SNAME TEXAS SECTION LUNCHEON
Tuesday, Mar 10th, 2020
11:30 am – 1:30 pm CT (webinar starts at 12:30 pm)
Norris Centers – Houston
816 Town & Country Blvd, Suite 210, Houston, TX 77024
Big Machine Learning with Physics & Data Driven Modeling:
Why Understanding Analytics and Machine Learning is Important for Engineers
Digital data collected by many industries support many, if not, most of its activities. Data integrity, security, mining, analysis, and transfer are critical to its particular goal of providing insight. Related topics such as the use and management of massive data sets (“big data”), data value and ownership, cybersecurity, cloud computing, machine learning, and virtual twin modeling and simulation represent only a small subset of the derivative uses of digital data being contemplated by all industries. Particular questions to be answered by data analysts, data scientists, and/or subject material experts
- Once data has been collected, what we do with it?
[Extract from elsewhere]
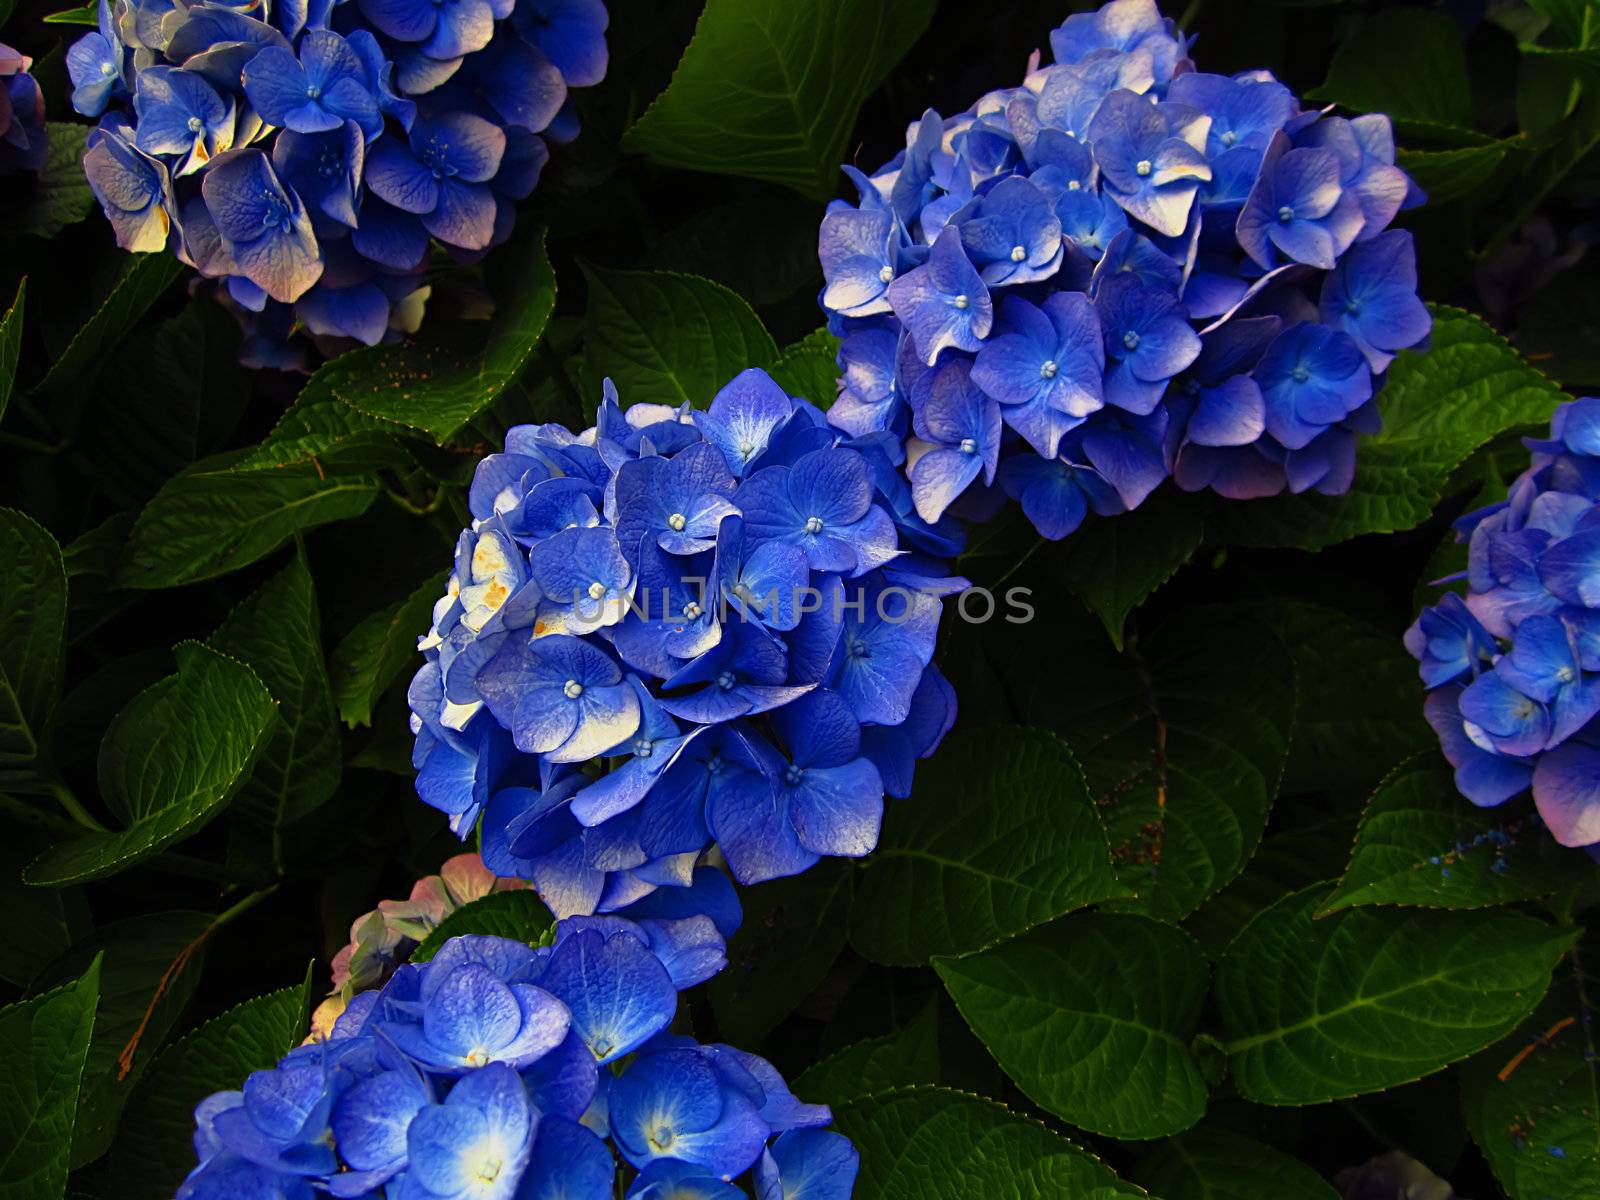 Bigleaf Hydrangea (Latin Name: Hydrangea macrophylla) is native to Japan but is cultivated in many parts of the world. Its blossoms may be pink, blue, or purple.

- How do we extract knowledge and value from collected data to benefit operations, gain efficiencies, and improve safety and security?
- What are the business propositions that sensed data collection, storage, and analysis bring to the table?
- How effectively is data analyzed?
- What data analysis methods and tools should the industry be adopting that aren’t now being used?
This talk attempts to highlight the importance of analytics and machine learning as a means to provide valuable answers, thus providing valuable insights. The future of Big Data and Data Analytics is not only for the Energy Industry, but all industries in general.
Meet Our Speakers
EGIDIO (ED) MAROTTA, PH.D.
Ed Marotta has held faculty positions as an Assistant Professor at Clemson University (1997) and Associate Teaching & Research Professor at Texas A&M (2003), all within the Mechanical Engineer Department. He has held the position as Technical Manager for the Multi-Physics Simulation Group within the North America Technology Center, FMC Technologies Inc. In this capacity, he was responsible for developing a Center of Excellence for modeling and simulation of multi-physics phenomena for Surface and Subsea applications. Ed led the Systems Analytics, Modeling & Analysis group within GE HQ where data-driven and physics models were developed for System of Systems analysis. Most recently, Ed has developed Workshop courses that teach the end-to-end fundamentals of Data Science for engineers in Oil & Gas, and other industries. His workshop course is being considered by ASME HQ as a key educational tool to implement across all industries.
In addition, he has published over 100 Journal, Conference, and white-paper papers within the area of Thermo-Fluid Sciences and Digital Twins, and holds numerous patents. He currently held the position of Adjunct Professor with the ME (Subsea Engineering Program) and MET departments at the University of Houston teaching courses in Data Science and Computational Methods.
Ed received a B.S. in Chemistry from the University of Albany (SUNY) and a M.S. and Ph.D. in Mechanical Engineering with specialization in Thermo-Fluid Sciences from Texas A&M University. He holds the grade of Fellow in the American Society of Mechanical Engineers (ASME) and Associate Fellow in the American Institute of Aeronautics and Astronautics (AIAA). Also, Ed formally held the position of Associate Editor for a major ASME journal. He is actively involved in local ASME Chapters as well as the ASME & SPE OTC technical subcommittees.